Just doesn't exist often in the wild, where either remote distributed web-dev teams or dispersed enterprise IT departments needing to "integrate", rule the roost.
(Update/edit: I'm mostly describing current beliefs and hopes "out there", not that they'll magically hold true even for the most inept of teams at-the-end-of-the-day! We all know: people easily can, and many will, 'screw up somewhat' or even fail in any architecture, any language, any methodology..)
In my experience if your developers were going to make choices that lead to tight coupling in a monolith, they’re going to make the same choices in a distributed architecture. Only now you’ve injected a bunch of network faults and latency that wouldn’t have been there otherwise.
In this case it sounds like they started with a microservice architecture, but CI/CD automation necessary for robust testing and auto-scaling was not in place. The problem of queues getting backed up might have been addressed by adding a circuit breaker, but instead they chose to introduce shared libraries (again, without necessary testing and deployment), which resulted in very tight coupling of the so-called microservices.
Do they actually force a discipline? Do people actually find swapping languages easier with RPC/messaging than other ffi tooling? And do they really attract talent?!
You make some amazing claims that I have seen no evidence of, and would love to see it.
In my experience, there's a lot of cargo culting around microservices. The benefits are conferred by having a strong team that pays attention to architecture and good engineering practices.
Regardless of whether you are a monolith or a large zoo of services, it works when the team is rigorous about separation of concerns and carefully testing both the happy path and the failure modes.
Where I've seen monoliths fail, it was developers not being rigorous/conscientious/intentional enough at the module boundaries. With microservices... same thing.
Also, having a solid architectural guideline that is followed across the company in several places (both in infrastructure and application landscapes) makes up the major bulk of insuring stability and usability.
The disadvantage is obviously that creating such's a 'perfect architecture' is hard to do because of different concerns by different parties within the company/organisation.
> The disadvantage is obviously that creating such's a 'perfect architecture' is hard to do because of different concerns by different parties within the company/organisation.
I think you get at two very good points. One is that realistically you will never have enough time to actually get it really right. The other is that once you take real-world tradeoffs into account, you'll have to make compromises that make things messier.
But I'd respond that most organizations I see leave a lot of room for improvement on the table before time/tradeoff limitations really become the limiting factor.

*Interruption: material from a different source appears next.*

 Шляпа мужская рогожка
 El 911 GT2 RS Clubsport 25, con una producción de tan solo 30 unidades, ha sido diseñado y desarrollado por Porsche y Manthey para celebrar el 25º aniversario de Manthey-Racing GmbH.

I've seen architects unable to resolve arguments, engineers getting distracted by sexy technologies/methodologies (microservices), bad requirements gathering, business team originated feature thrashing, technical decisions with obvious anticipated problems...
> "You make some amazing claims that I have seen no evidence of"
I'm just relaying what I hear from real teams out there, not intending to sell the architecture. So these are the beliefs I find on the ground, how honest and how based-in-reality they are are harder to tell and only slowly over time at any one individual team.
A lot of this is indeed about hiring though, I feel, at least as regards the enterprise spheres. Whether you can as a hire really in-effect "bring your own language" or not remains to be seen, but by deciding on µs architecture for in-house you can certainly more credibly make that pitch to applicants, don't you think?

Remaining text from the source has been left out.